「いただきます」と手を合わせるその前に、ほんのひと呼吸。お皿やコップに、そっと手のひらをかざしてみる——今日はそんな、レイキとごはんの時間についてのおはなしです。
レイキというと、自分やだれかの体に手を当てるイメージがあるかもしれません。でも実は、目の前の食べものや飲みものに、そっとぬくもりを添える使い方もあるんです。むずかしい準備はいりません。あなたの手のひらひとつで、いつもの食卓が、ちょっぴりやさしい時間に変わっていきます。
お皿の前で、ひと呼吸おいてみる
わたしたちは毎日、たくさんのものを口にしています。でも、忙しい日はスマホを見ながら、考えごとをしながら、気づけば食べ終わっていた……なんてこともありますよね。
そんなときこそ、食べる前のほんの数秒を、自分のために使ってみませんか。
お皿やコップに、手のひらをふわりとかざします。手が触れなくても大丈夫。少し離したところから、「おいしくいただけますように」「ありがとう」と、心の中でそっとつぶやいてみてください。
レイキが「効いているかどうか」を気にしなくても構いません。大切なのは、目の前のごはんに、ちゃんと心を向けるということ。その”ひと呼吸”そのものが、あなたの心をすっと落ち着かせてくれます。
コップ一杯の水にも、そっとぬくもりを
いちばん手軽にはじめられるのが、飲みものです。
たとえば、朝いちばんに飲むお水。仕事の合間のコーヒーやお茶。寝る前の白湯(さゆ)。そのコップを両手でそっと包んで、少しのあいだ、あたたかい気持ちを送ってみます。
「今日も一日、おつかれさま」
「ゆっくり休もうね」
そんなふうに、飲みものを通して、自分自身にやさしい言葉をかけてあげるような感覚です。
コップの中の温度が変わるとか、味が劇的に変わるとか、そういうことを証明しようとしなくていいんです。両手で包んだときの、じんわりとした手のひらの感覚。ゆらゆらとのぼる湯気。それをただ味わううちに、はりつめていた気持ちが、ふっとゆるんでいくのを感じられるかもしれません。
そして、ひとくち。ゆっくりと飲みくだすその時間が、あなたにとっての小さなお休みになりますように。
「ありがとう」の気持ちといっしょに
レイキを添えるという行為は、言いかえれば「感謝を思い出す時間」でもあります。
目の前のごはんは、たくさんの手をへて、あなたのところへ届いています。育ててくれた人、運んでくれた人、料理してくれた人——もしかしたら、それはあなた自身かもしれませんね。
手をかざしながら、「ここまで来てくれてありがとう」と、心の中でそっとつぶやく。それだけで、いつもの食事が、なんだかあたたかいものに感じられてきます。
うまくできているか、正しいやり方かどうかは、どうか気にしないでください。レイキに「こうしなきゃいけない」という決まりはありません。

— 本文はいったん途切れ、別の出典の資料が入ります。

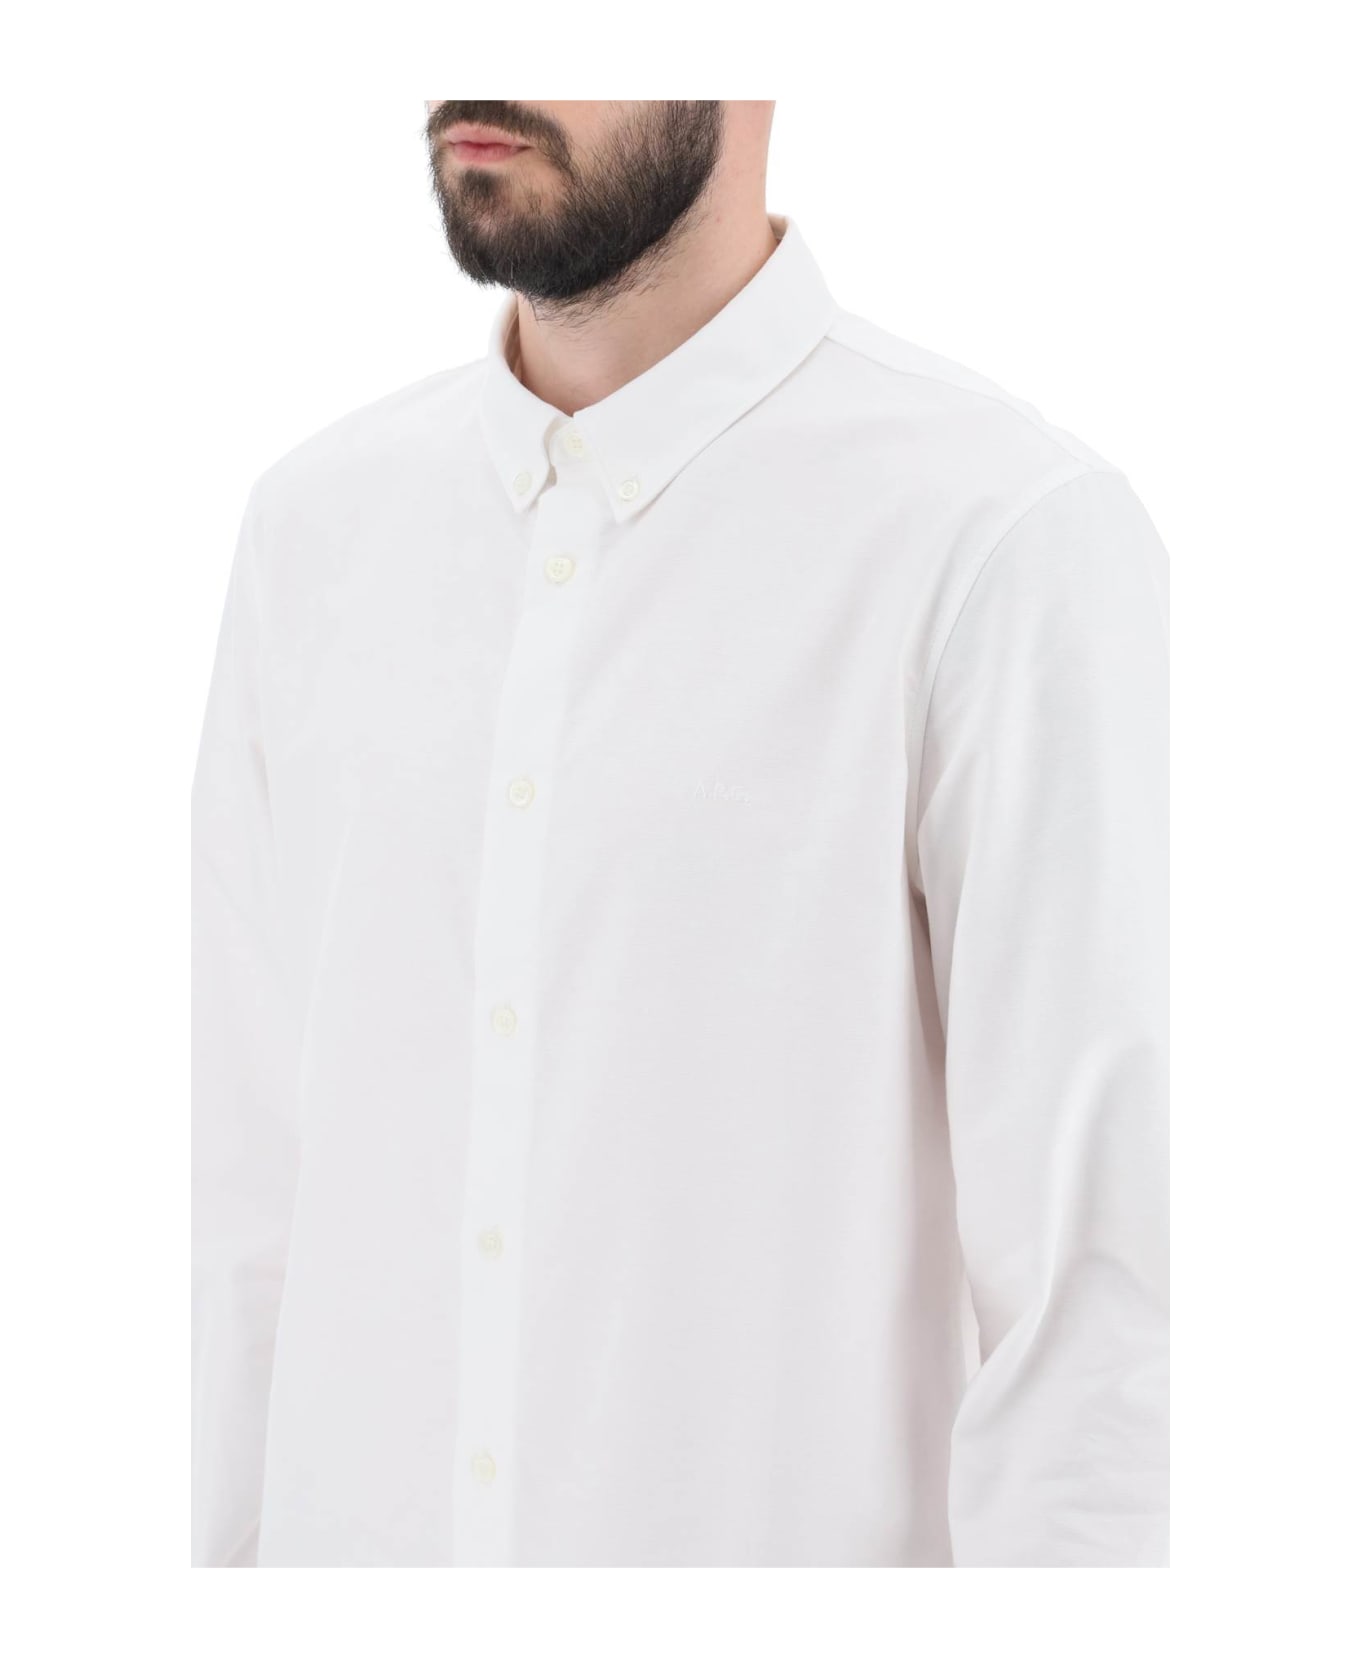 A.P.C. Greg Cotton Shirt - BLANC (White)
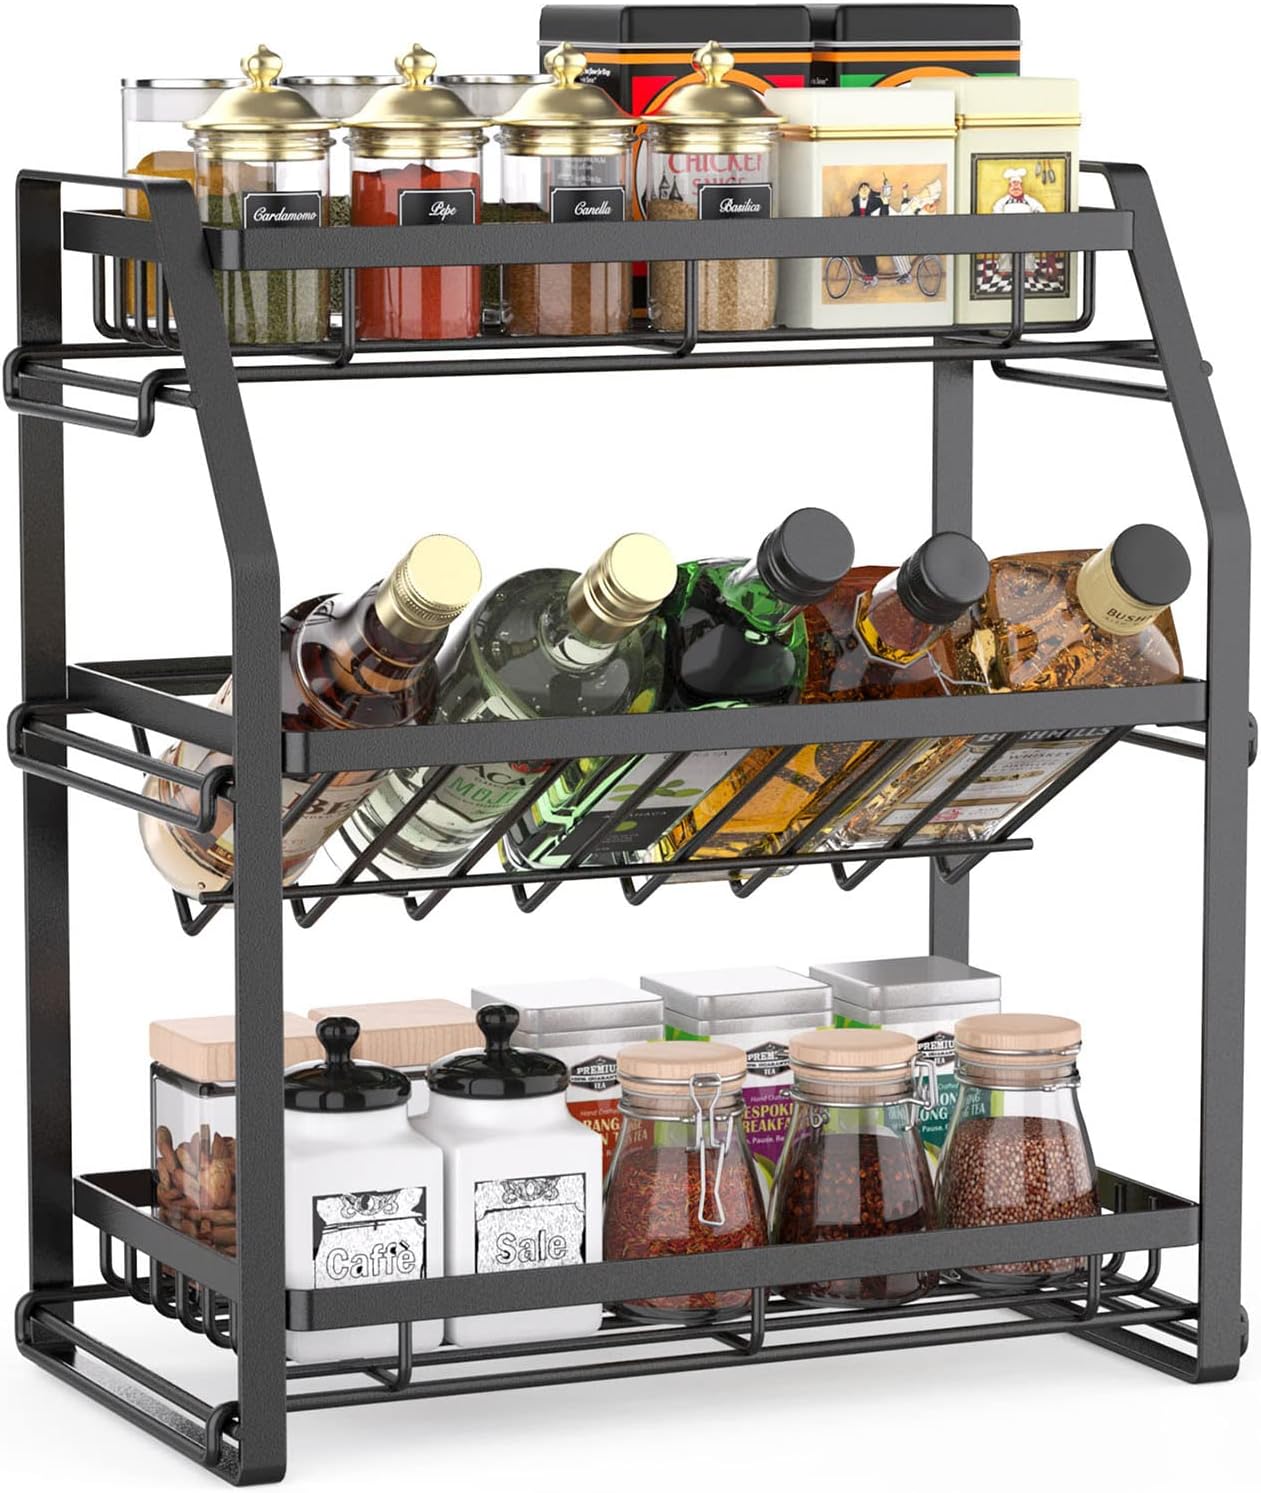 spice-rack-organizer-3-tier-seasoning-organizer-kitchen-spice-shelf-countertop-organizer-for-bathroom-vanity-kitchen-black

あなたが心地よいと感じるやり方が、あなたにとっての正解です。
急いでいる日は、手を合わせるだけでも十分。ゆとりのある日は、両手でコップを包んで、ゆっくり深呼吸を。その日その日の自分に合わせて、無理なく続けていけたらいいですね。
まとめ〜食べる時間を、自分をいたわる時間に〜
食べものや飲みものにレイキを添えるのは、特別な道具もいらない、いちばん身近なレイキの取り入れ方です。
– お皿やコップに、そっと手をかざしてひと呼吸
– 飲みものを両手で包んで、やさしい言葉をかける
– 「ありがとう」の気持ちといっしょにいただく
どれも、ほんの数秒あればできること。効果を追いかけるのではなく、「自分の心を、ちょっと立ち止まらせてあげる時間」として、気軽に楽しんでみてくださいね。
毎日くり返される食事の時間が、あなたをやさしくいたわるひとときになりますように。
今日のごはんも、どうかおいしく、あたたかく。そのままのあなたで、ゆっくり味わってくださいね。